Geo Index Implementation

This section will cover the MMFiles based geo-index. The algorithm is optimized for in-memory accesses and optimal CPU cache utilization. The main goal for our geo queries is to reject as many distant possible result points as fast as possible.

One limitation of an approach purely using geostrings is, when one is trying to perform a query to find points near a target (see blog post Part I). Sometimes points close together on the surface might end up with entirely different geostring prefixes and cannot be scanned without seeks. We implemented a type of Metric Tree to optimize for nearest neighbor queries.

To consistently achieve fast queries the Hilbert geostrings are combined with a binary search tree, the current implementation chooses an AVL tree structure.

The AVL tree strictly balances itself to guarantee a O(log(n)) lookup and insertion performance. This means both branches of the root node will have a height difference of at most 1. In each leaf of the AVL tree we store a list of at maximum 6 points, before the leaf is split up again. The points in each leaf should be close together on the Hilbert curve, the basic assumption is always that geostrings which are close will also be close-ish on the earth’s surface. The search queries profit from having a tall tree structure which allows it to easily reduce the number of possible points.

To support typical CRUD operations in an index we need to be able to efficiently insert and delete elements. This means for every new element we need to find the right leaf in the tree.
A comparison function is required, which allows us to navigate the index tree quickly i.e. whether we need to walk down into the left or right child, starting from the root node.

ArangoDBs geoindex achieves this by storing the distance to a set of global fixpoints at every internal node (pot). These fixpoints F_1,…,F_6 are points on the surface of the earth, currently the north- and south pole, as well as equidistant points on the equator. There is nothing inherently special about this choice, the only requirement for these fixpoints is that they should have approximately the same distance from each other.

Each pot contains the maximum distance of all child pots or points to each of the 6 fixpoints, which defines an area on the earth-surface. These maximum distances essentially define a geometric shape, which changes dynamically to fit the contained coordinates. Unlike the R-tree, VP-Tree or other typical structures used for geo indexes, these bounds are not just based on a fixed geometry like a bounding rectangle or circle.

The distance calculation of a coordinate which each of the fixpoints can be made very fast, because we do not actually need to compute accurate distances. A measure like x^2+y^2+z^2 (squared euclidean distance) is sufficient to compare distances on an approximate sphere. Additionally distances are internally stored as 16bit integers to save some space.

Performance Comparison

Just for fun I will benchmark our code against an implementation of the Vantage-Point Tree spatial index data structure. The VP-Tree is a space partitioning data structure that allows for efficient querying of nearest neighbors.

VP-Tree Partitioning

This benchmark is not intended to be fully conclusive, it just serves to get an idea about the performance characteristic of our algorithm versus an implementation of a well-known algorithm for the same problem. The below diagrams show the duration it takes to create both indexes and fill them with points as well as the total duration to search for the 256 nearest neighbors of 500 randomly chosen target coordinates. As you can see the ArangoDB data structure can be filled faster than the VP-Tree and has comparable query performance.
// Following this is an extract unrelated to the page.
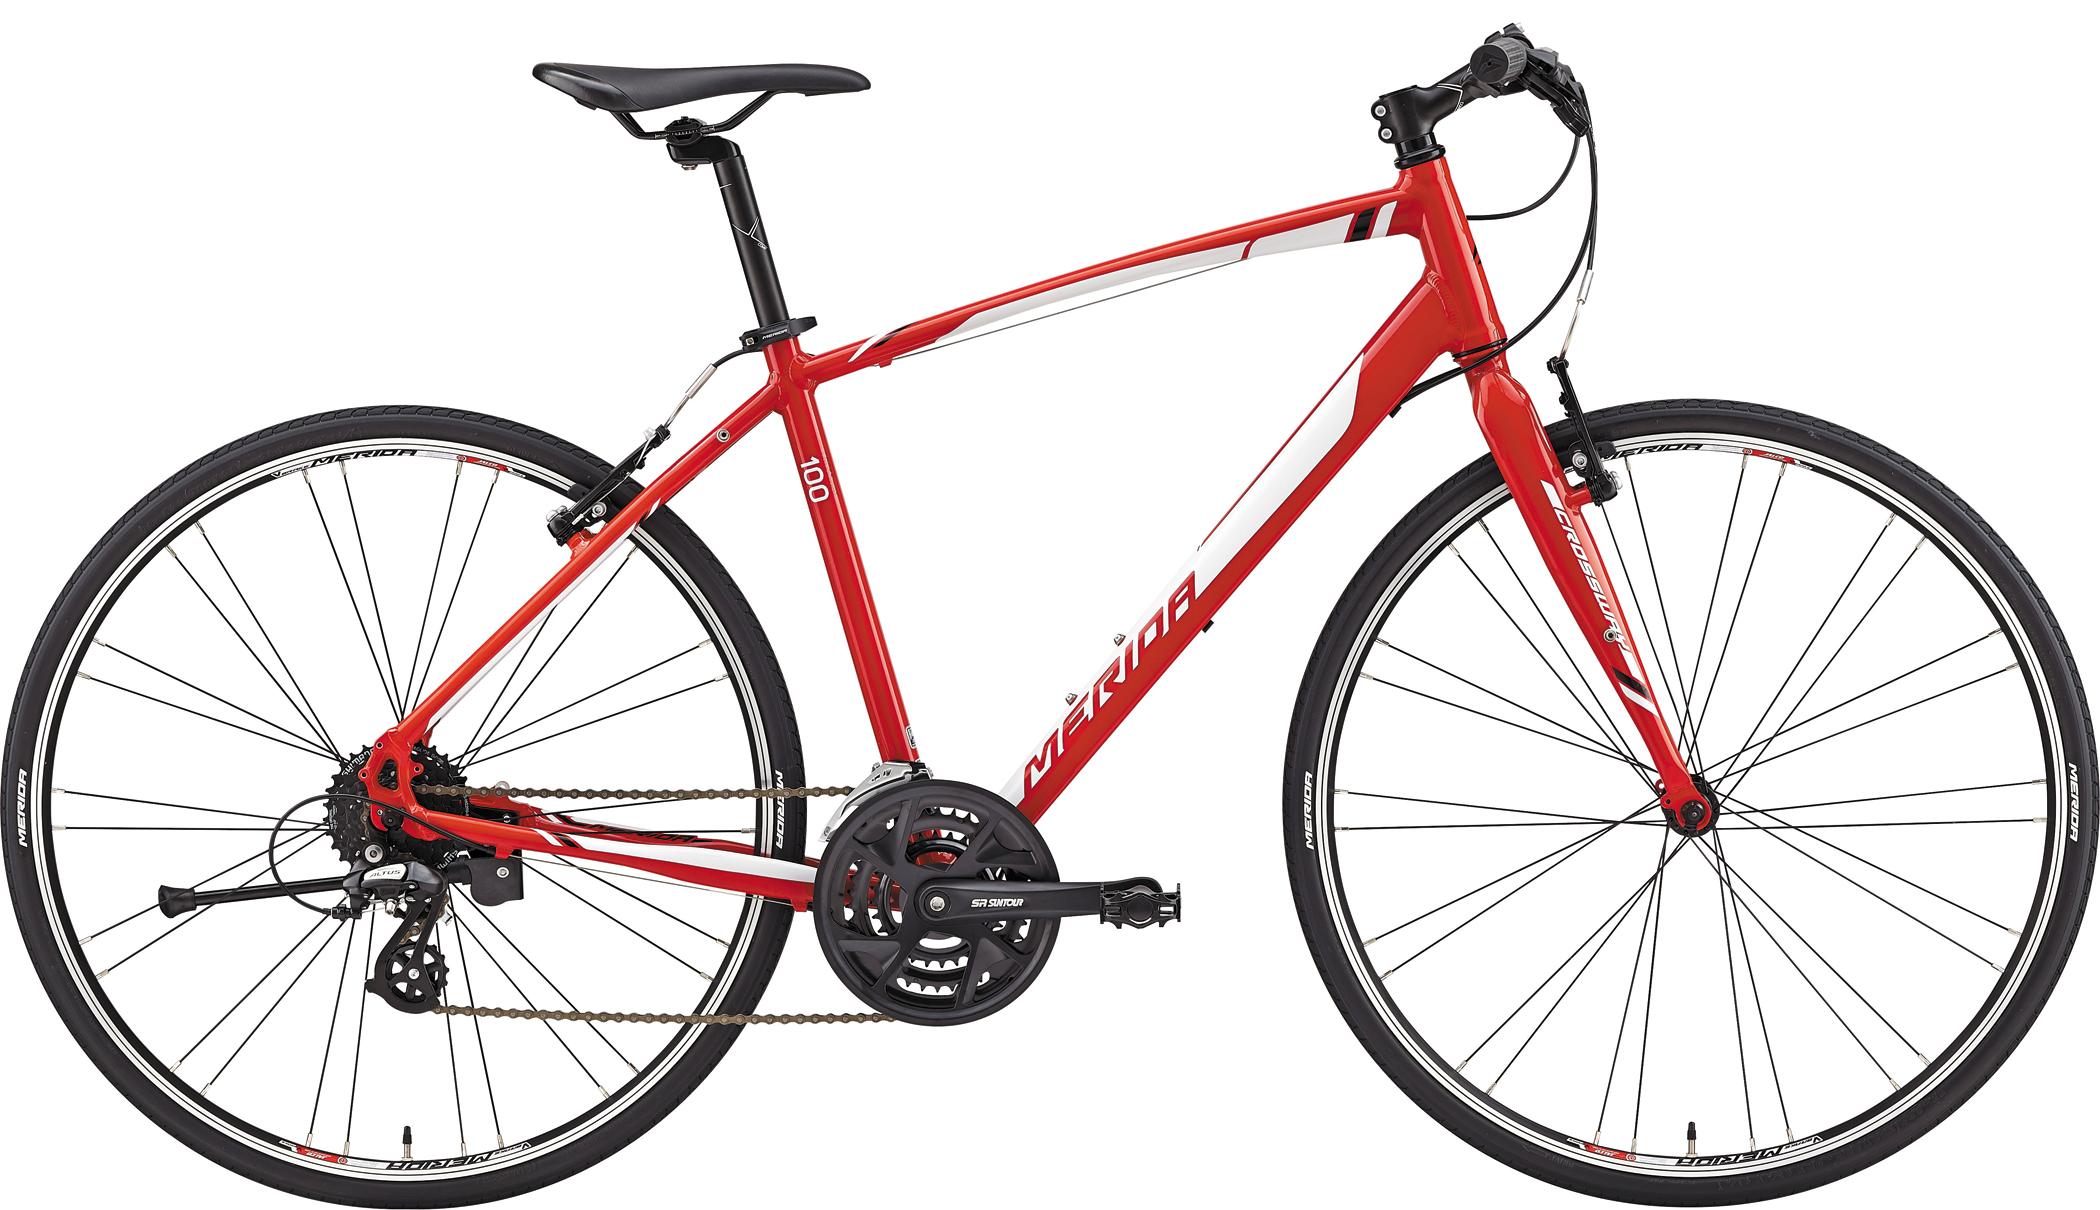 crossbike_roadbike_merit-150x150

Adding points to Data-Structure

Duration of 500 nearest neighbor queries for 500 random points

The code uses an in-memory version of ArangoDB’s geoindex structure, which is used within our MMFiles storage engine. The VP-Tree implementation used is from here and is a fairly straightforward adaptation. The benchmarks performs nearest neighbor queries for randomly selected locations on different kinds of geolocation sample data:
There are two kinds of datasets (10.000, 100.0000, …) specifies datasets filled with randomly generated geo-coordinates, whereas the dataset world cities can be found here and contains (unsurprisingly) the names and locations of all the cities in the world.
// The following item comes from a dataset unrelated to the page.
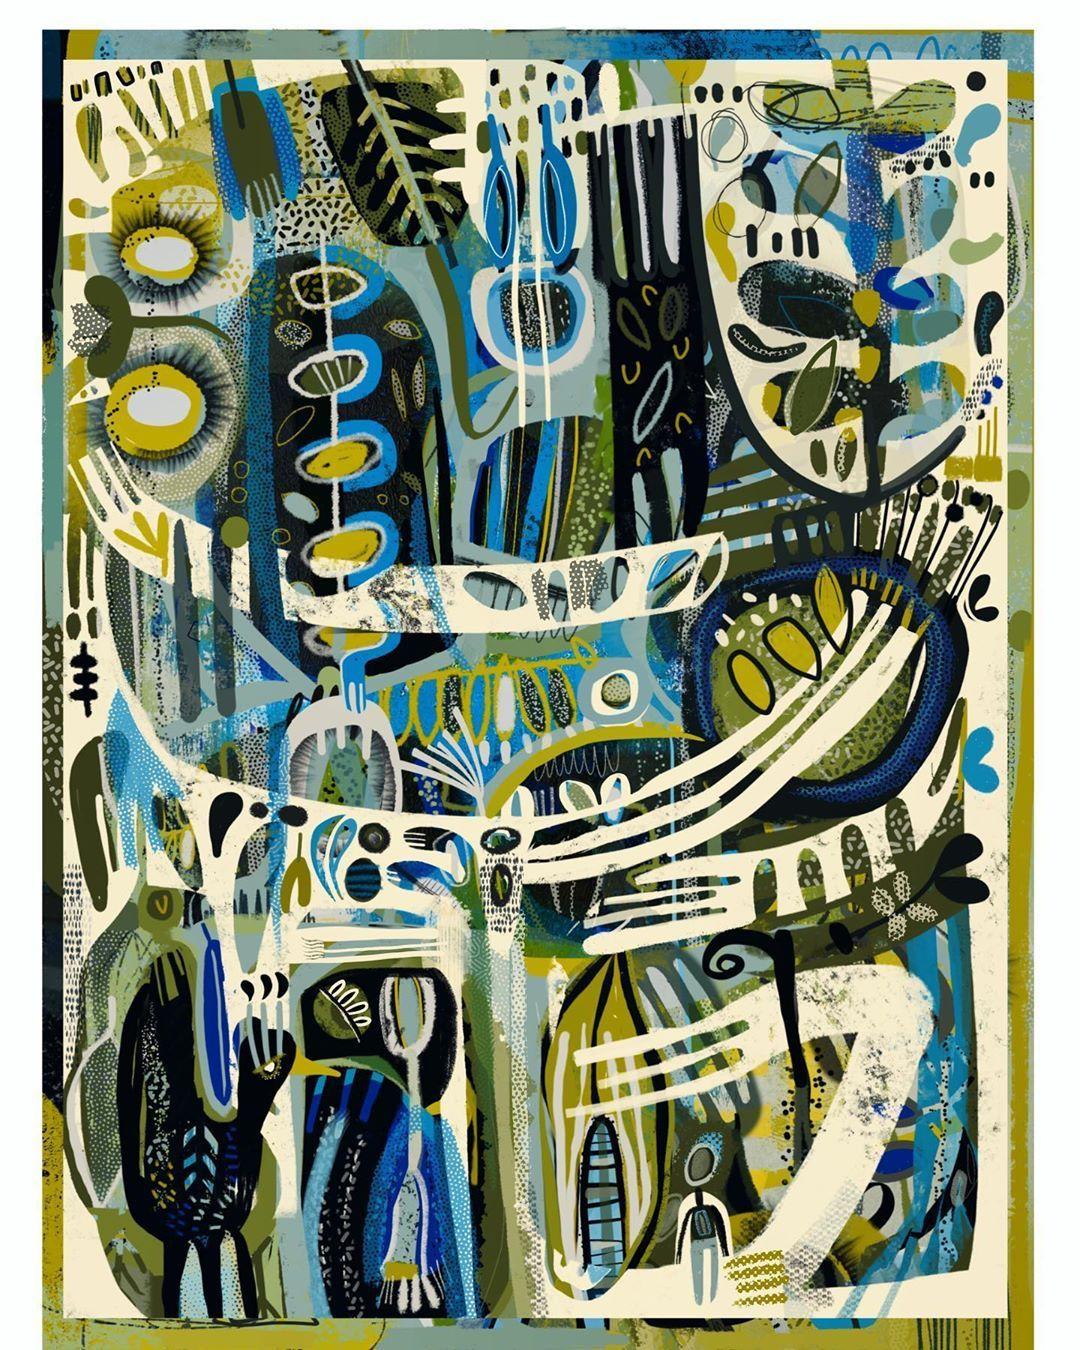 "Katfish - on Instagram: ""Digital art - #digitalart #procreateart #patterndesign #palette #botanical #abstractlandscape #surfacepatterndesign #printsforsale…"""

The source code of the benchmark is available on GitHub. It should run on any Unix-like system with a modern C++ compiler. For the ArangoDB part of the code the relevant parts look like this:

For some more information you can also watch this great talk by my colleague Richard.
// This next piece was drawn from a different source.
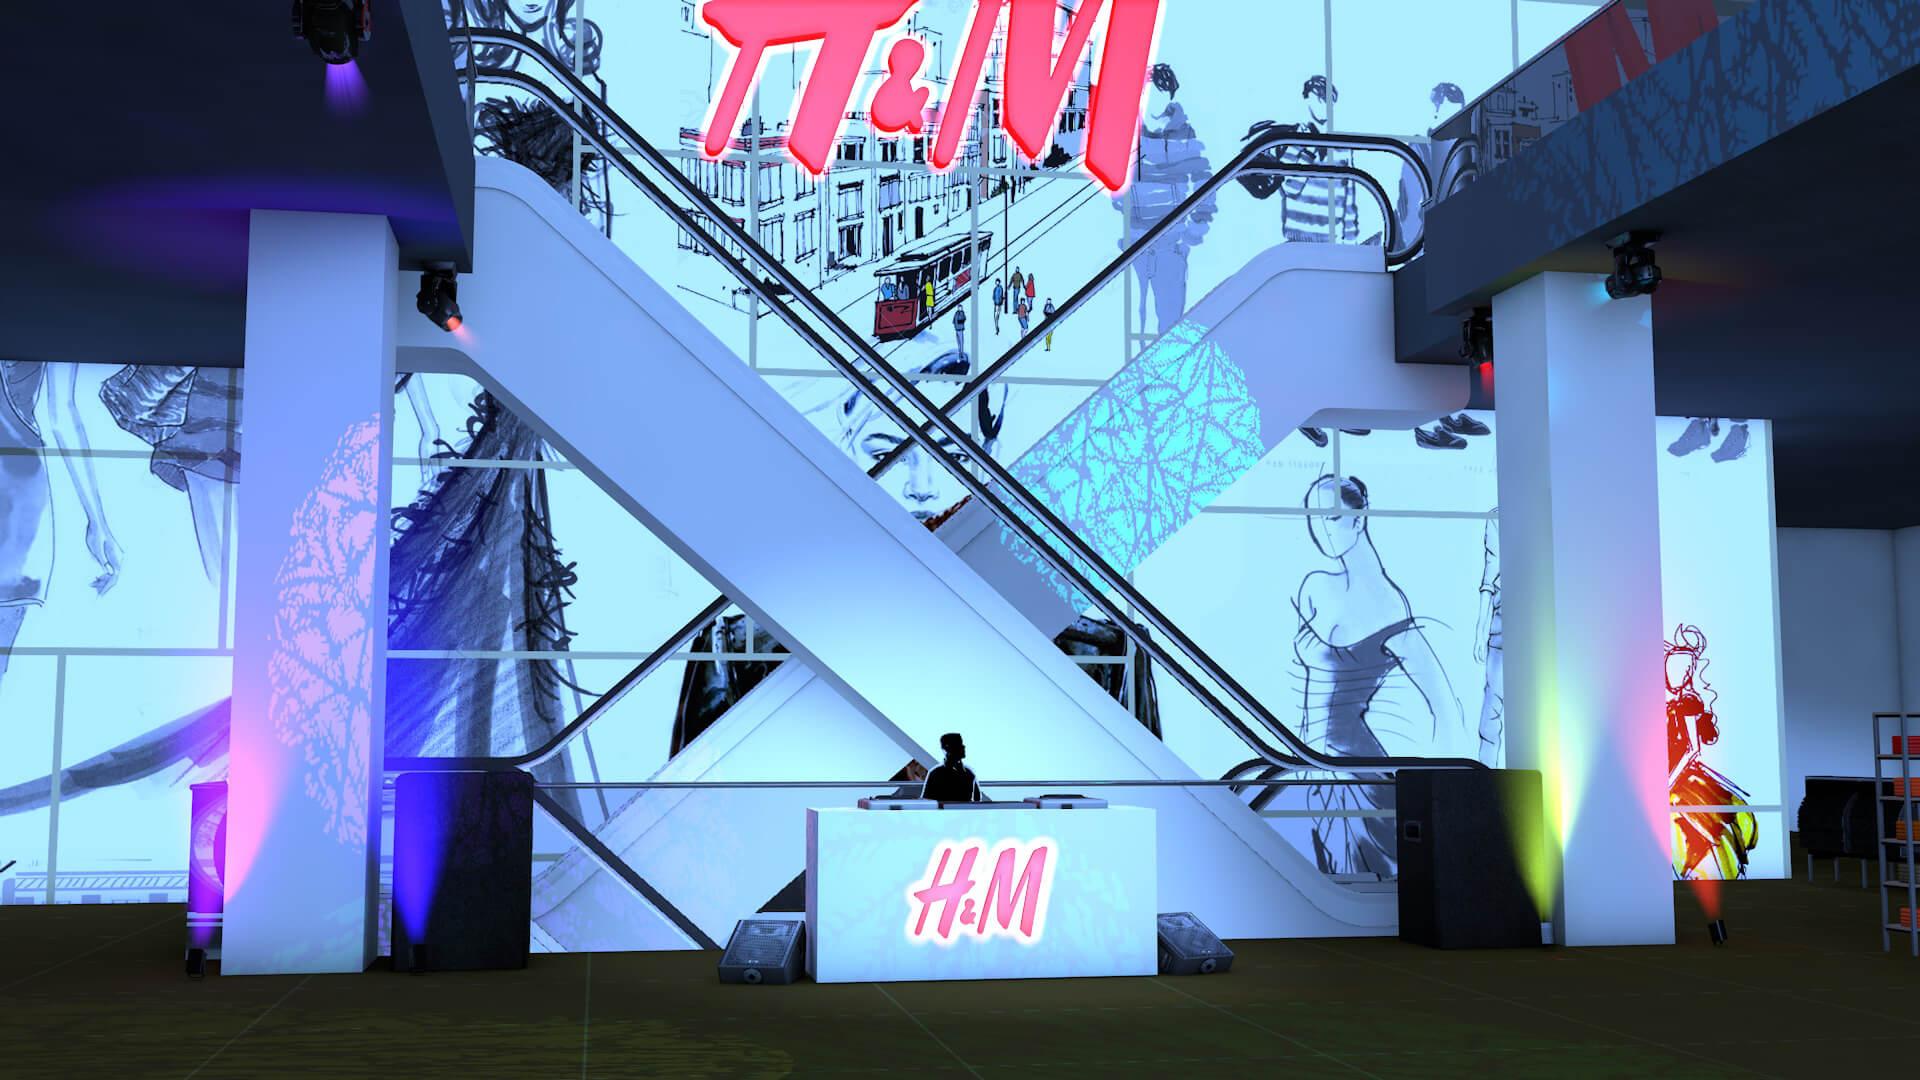 fashion expo event DJ shop and dance

Roadmap For Extended Geo Support In ArangoDB

The integration of the geo_cursor was already a good step forward for ArangoDB but of course there is still more useful functionality to be implemented.

As mentioned above the current geo-index is optimized for our MMFiles storage engine but not yet for our new RocksDB engine which is available since ArangoDB 3.2. More and more users switch to RocksDB as their storage engine and we will integrate an optimized solution to support efficient geo-queries also with this engine. The work on this has already started.

Of course speed is not everything, so we also want to provide a broader set of geo functionality by integrating full GeoJSON support including polygons, multi-polygons and other geometry primitives.

With these functionalities one can do more complex queries and build e.g. location-aware recommendation engines by combining the graph data model with geo-location aspects or use multiple data models. For instance, in the age of self-driving cars one can find the nearest available maintenance team (geo query) with the right permission (graph model) to repair a given problem (sent automatically to the db as e.g. a JSON document or key/value pair). We already started this integration and plan to release GeoJSON functionalities with ArangoDB 3.4 (early 2018).